Frequently Asked Questions

Do I have to soak the lentils?

Soaking is strongly recommended but not absolutely essential. Unsoaked whole brown lentils take 40–50 minutes to cook compared to 25–30 minutes for soaked lentils. If cooking unsoaked add extra vegetable stock and simmer for longer. Soaking also significantly improves the digestibility of the lentils by reducing the phytic acid and oligosaccharide content that can cause digestive discomfort.

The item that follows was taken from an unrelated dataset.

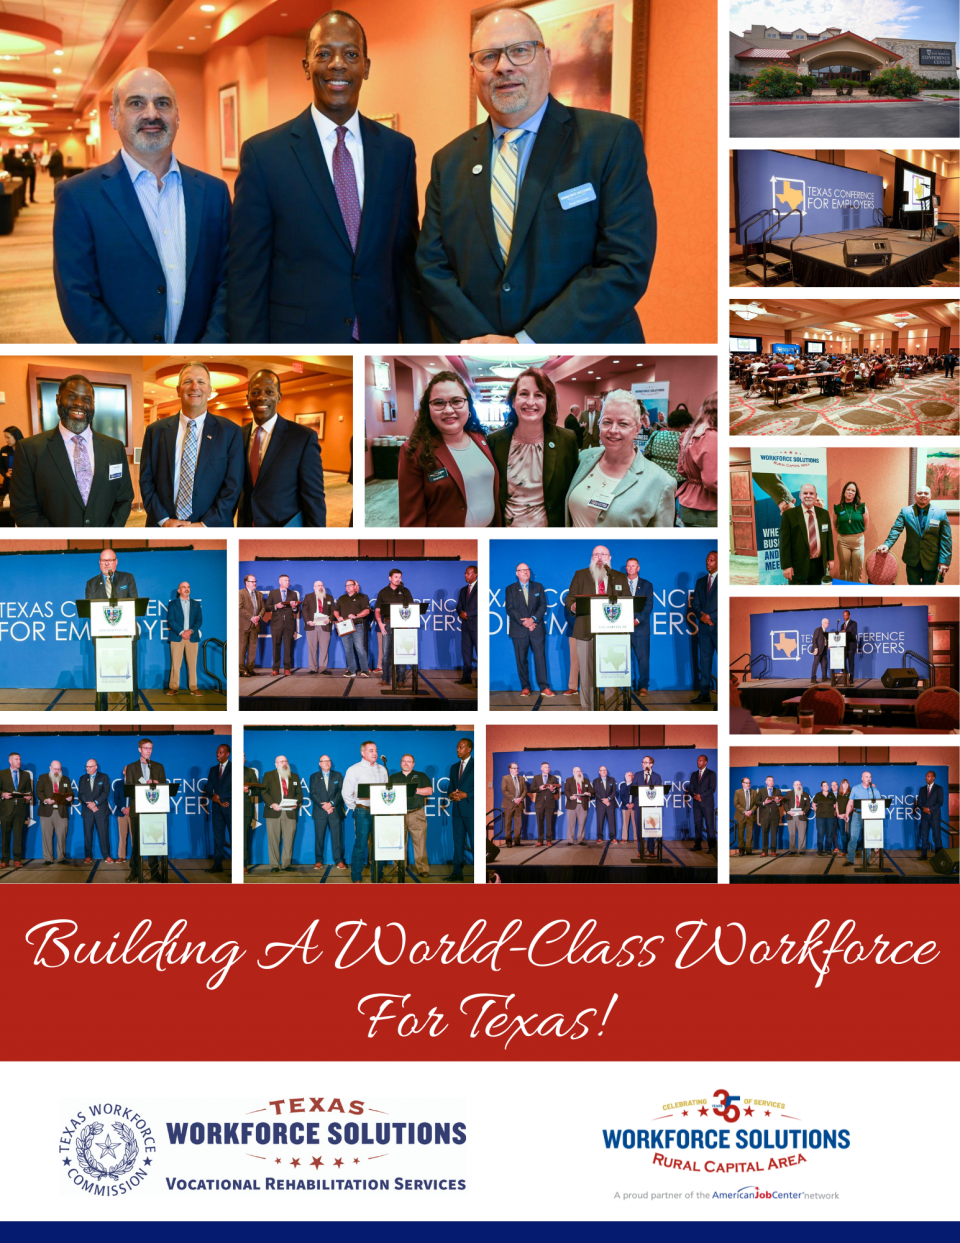 WSRCA Team Helps Welcome the Texas Conference for Employers to San Marcos

Can I use red lentils instead of brown?

Red lentils cook much faster and break down completely into a smooth, thick dal rather than holding their shape as individual lentils do. Red lentils produce a completely different texture — more like a thick soup — which is equally delicious but very different from this recipe. If you prefer the smoother dal-like texture red lentils are excellent — simply reduce the cooking time to 15–18 minutes.

Can I make this in an Instant Pot?

Absolutely. Use the sauté function to caramelize the onion, garlic, ginger, and spices. Add all remaining ingredients including the uncooked soaked lentils. Seal and cook on high pressure for 12 minutes. Natural release for 10 minutes then quick release. Stir in the vegan butter and lemon juice before serving.

How do I make this curry thicker?

Simmer uncovered for longer to allow more liquid to evaporate. You can also mash a quarter of the lentils against the side of the pot with the back of a spoon — this releases their starch and thickens the curry naturally and instantly without adding anything extra.

What is the best rice to serve with this curry?

Basmati rice is the classic and perfect pairing — its fragrant, long grains and delicate flavor complement the bold, deeply spiced curry beautifully without competing with it. For an extra-special serving experience cook the basmati in vegetable stock with a pod of cardamom, a cinnamon stick, and a bay leaf for a beautifully fragrant pilaf rice that takes this dinner to an entirely new level.

Can I add cream for extra richness?

For an even richer, creamier curry add 3–4 tablespoons of raw cashew cream — made by blending soaked cashews with water until completely smooth — along with the coconut cream. This adds extraordinary silkiness and a subtle nuttiness that makes the curry even more indulgent and restaurant-quality in its consistency.